High Perforin‐Positive Cardiac Cell Infiltration and Male Sex Predict Adverse Long‐Term Mortality in Patients With Inflammatory Cardiomyopathy

Introduction

Inflammatory cardiomyopathy (CMi) represents a major cause of heart failure with potential for transition to the clinical picture of dilated cardiomyopathy.^{1, 2, 3} The pathogenesis of CMi encompasses immune responses as well as autoimmune reactions involving autoantigen‐specific T cells. Myocardial inflammation is reflected by infiltration of lymphocytes, macrophages, and cell adhesion molecules.^{4, 5} Several studies have shown that cytotoxic cells expressing cytotoxic effector molecules are also increased in this cardiac inflammatory process.^{6, 7, 8, 9, 10, 11} One key mediator of cytotoxicity is perforin, a molecule released by T cells and natural killer cells. Its expression on T‐cell maturation is strongly regulated after activation, and effector T cells have been shown to express the highest levels of intracellular perforin. Once conjucated to target cells, the cytotoxic secretory granules traffic to the immunological synapse and release the deadly protein perforin. We previously demonstrated in a cohort of 495 patients with endomyocardial biopsy (EMB)–proven myocardial inflammation that left ventricular function deteriorates in patients with detection of perforin‐positive cardiac cell infiltration and progresses towards substantial cardiac dysfunction.⁶ In the present study, in a series of 2389 patients with suspected CMi, we investigated the influence of high perforin‐positive cardiac cell infiltration and other clinical and immunological parameters on long‐term mortality or need for heart transplantation.

Patients and Methods

Patients

Between January 2003 and November 2013, we screened all patients admitted to our clinic for further evaluation of suspected CMi by the complete spectrum of clinical and EMB‐based diagnostics.

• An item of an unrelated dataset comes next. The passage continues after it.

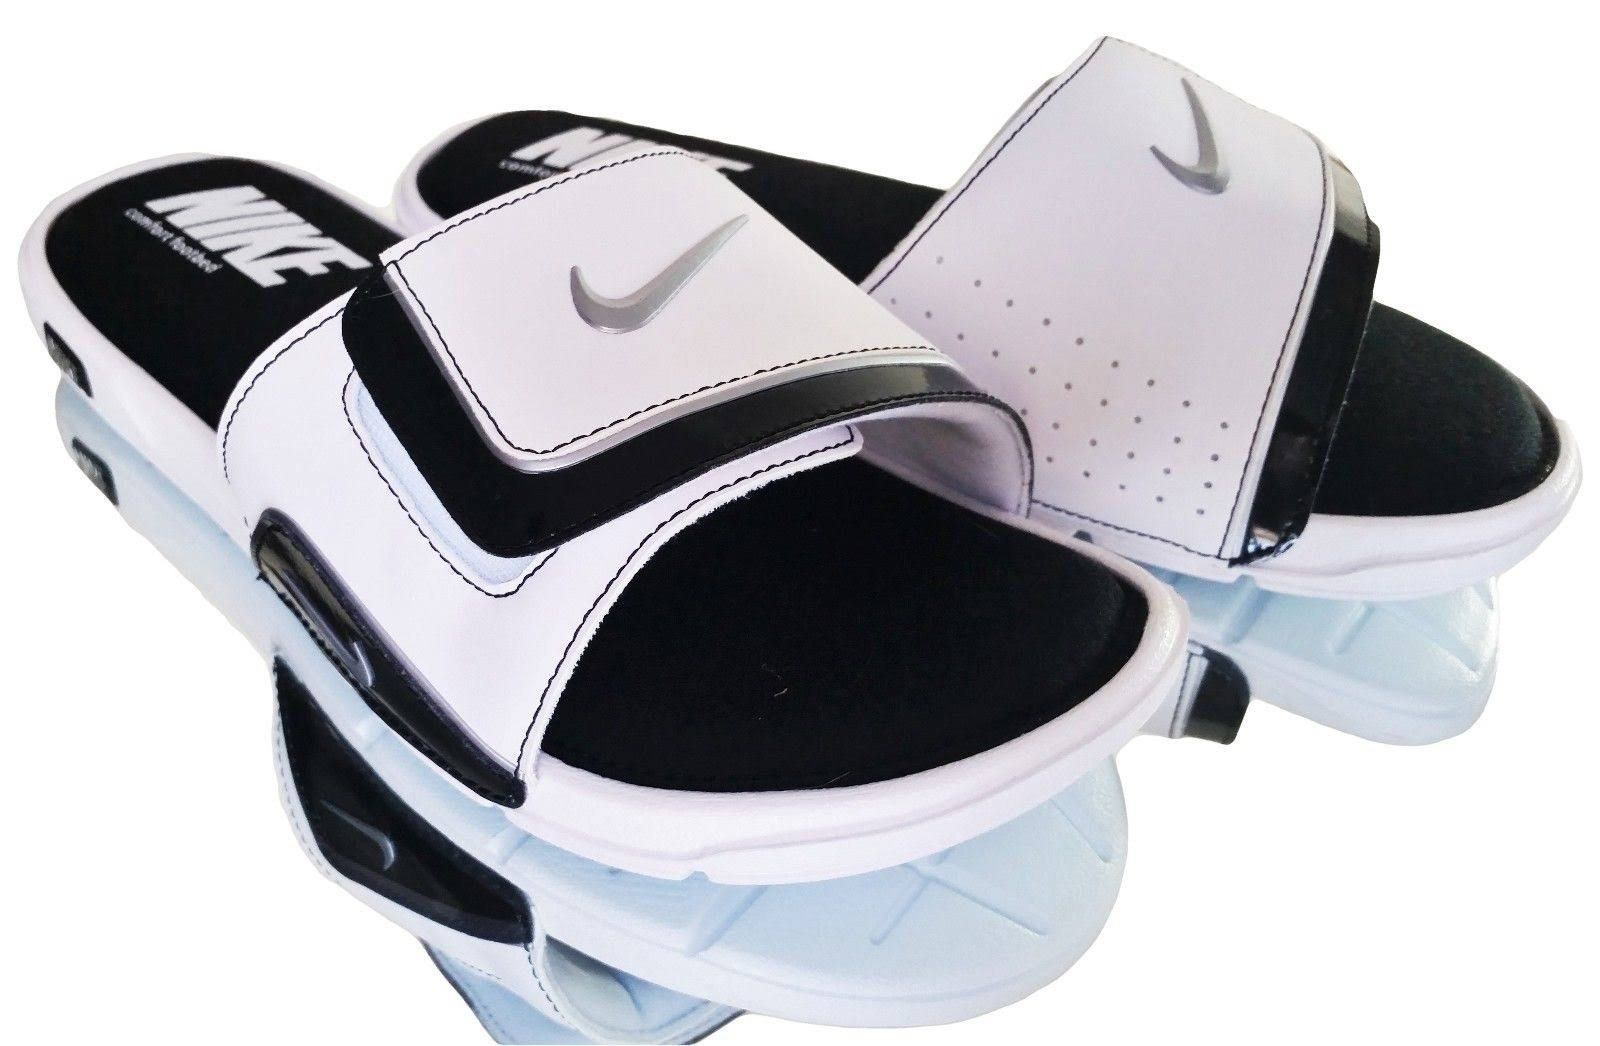 2 Nike White 100 Slide Comfort 415205 Sandals Solid Men's New Black dtcq4wx6xa
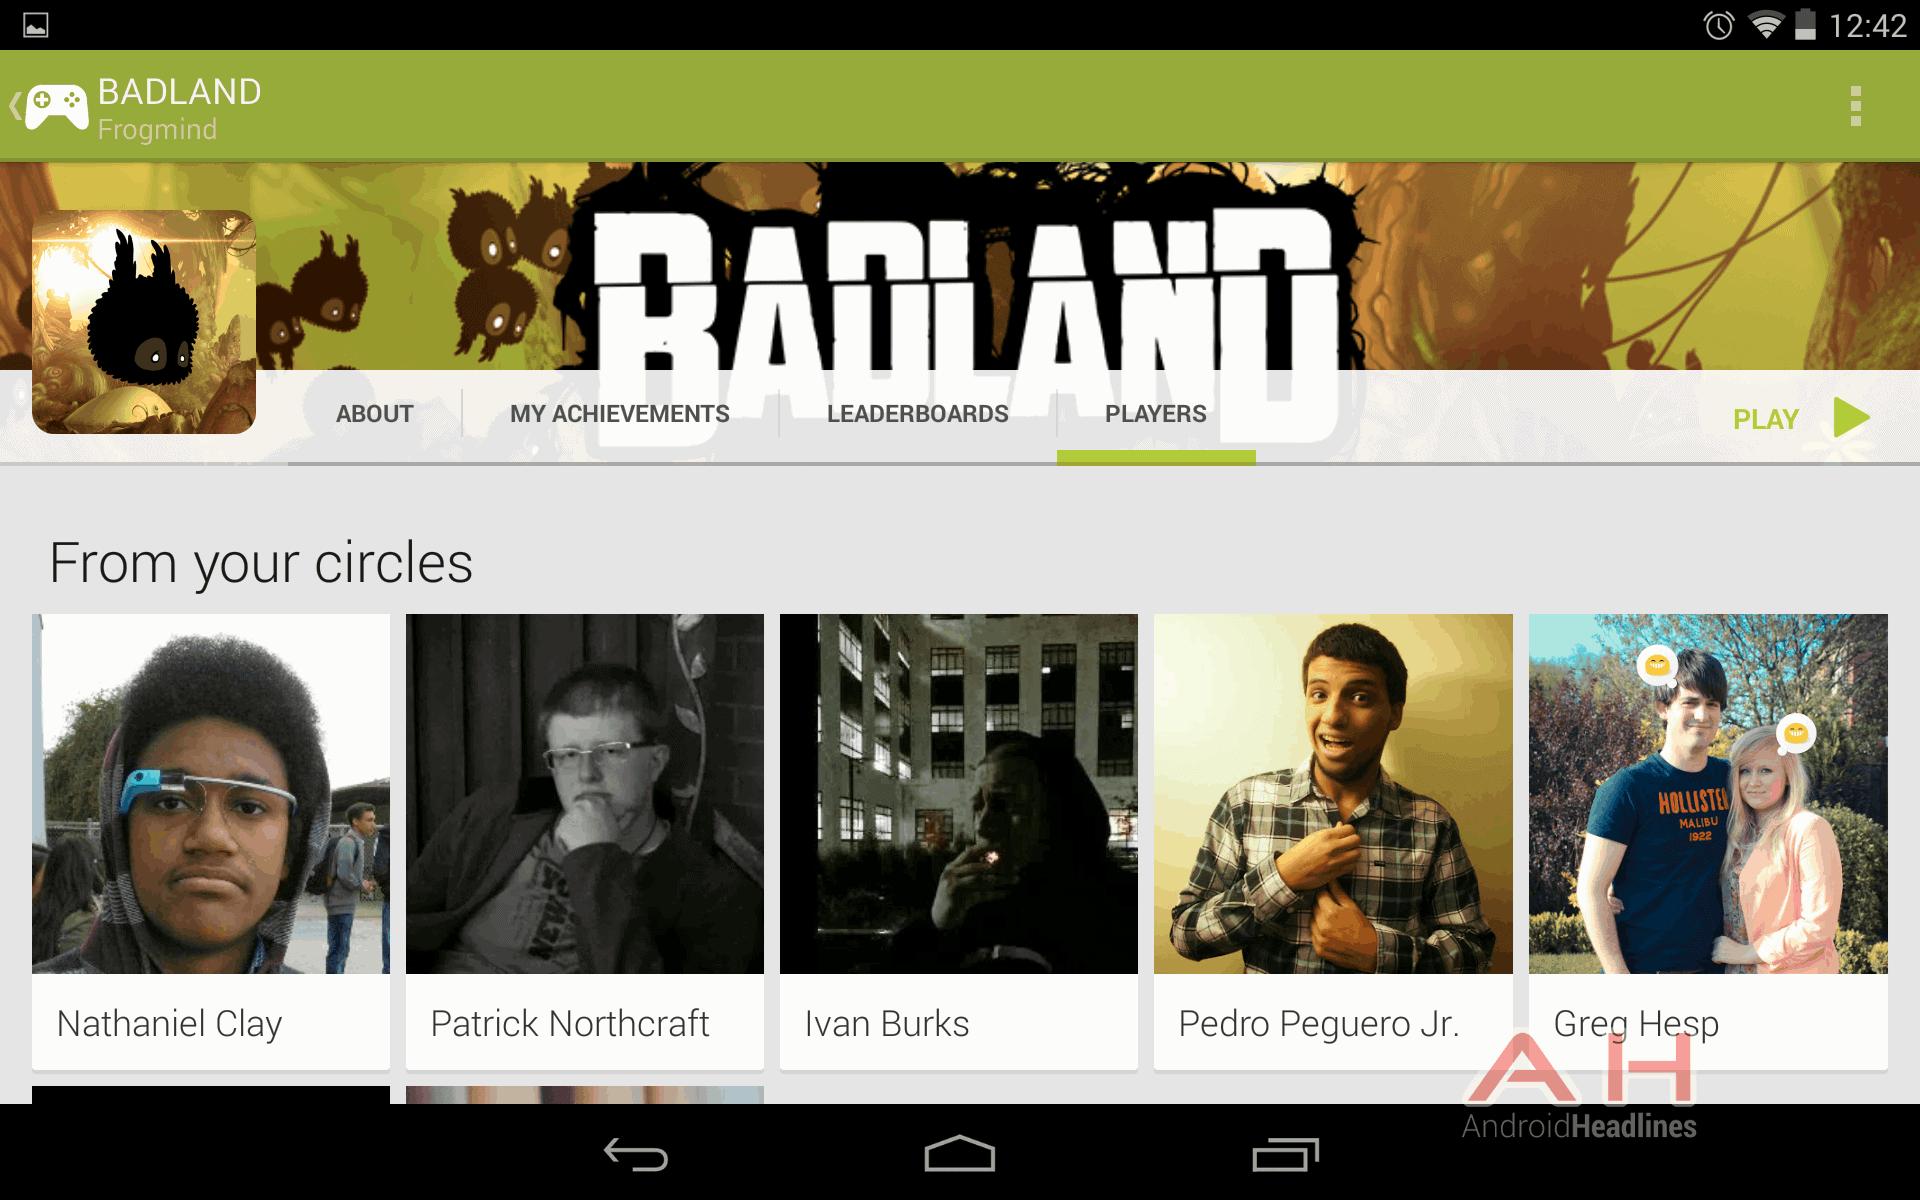 Screenshot 2014 03 05 12 42 11

These patients complained about symptoms of heart failure with fatigue, reduced physical capacity or dyspnea on exertion, and cardiac dysfunction. Coronary artery disease and other possible causes of myocardial dysfunction (valvular heart disease) had been excluded by angiography and echocardiography before EMB in all patients.

Patients presenting with signs of acute myocarditis with recent onset of symptoms (eg, mimicking acute myocardial infarction with elevated serum markers of troponin T and creatine kinase/creatine kinase‐MB) were excluded, as well as those with proof of intramyocardial genomes of enterovirus, adenovirus, human herpesvirus 6, Epstein‐Barr virus, or erythrovirus (B19V) (primers used to test the presence of viral genome in Table S1). Other exclusion criteria were antiviral or immunosuppressive therapy in the past, clinical or biochemical evidence for concomitant chronic inflammatory disease (eg, rheumatological disorders), inability to understand the consent form, or participation or consent to participate in another study. EMBs from the right ventricular septum were obtained. Left ventricular ejection fraction (LVEF) was determined by echocardiography.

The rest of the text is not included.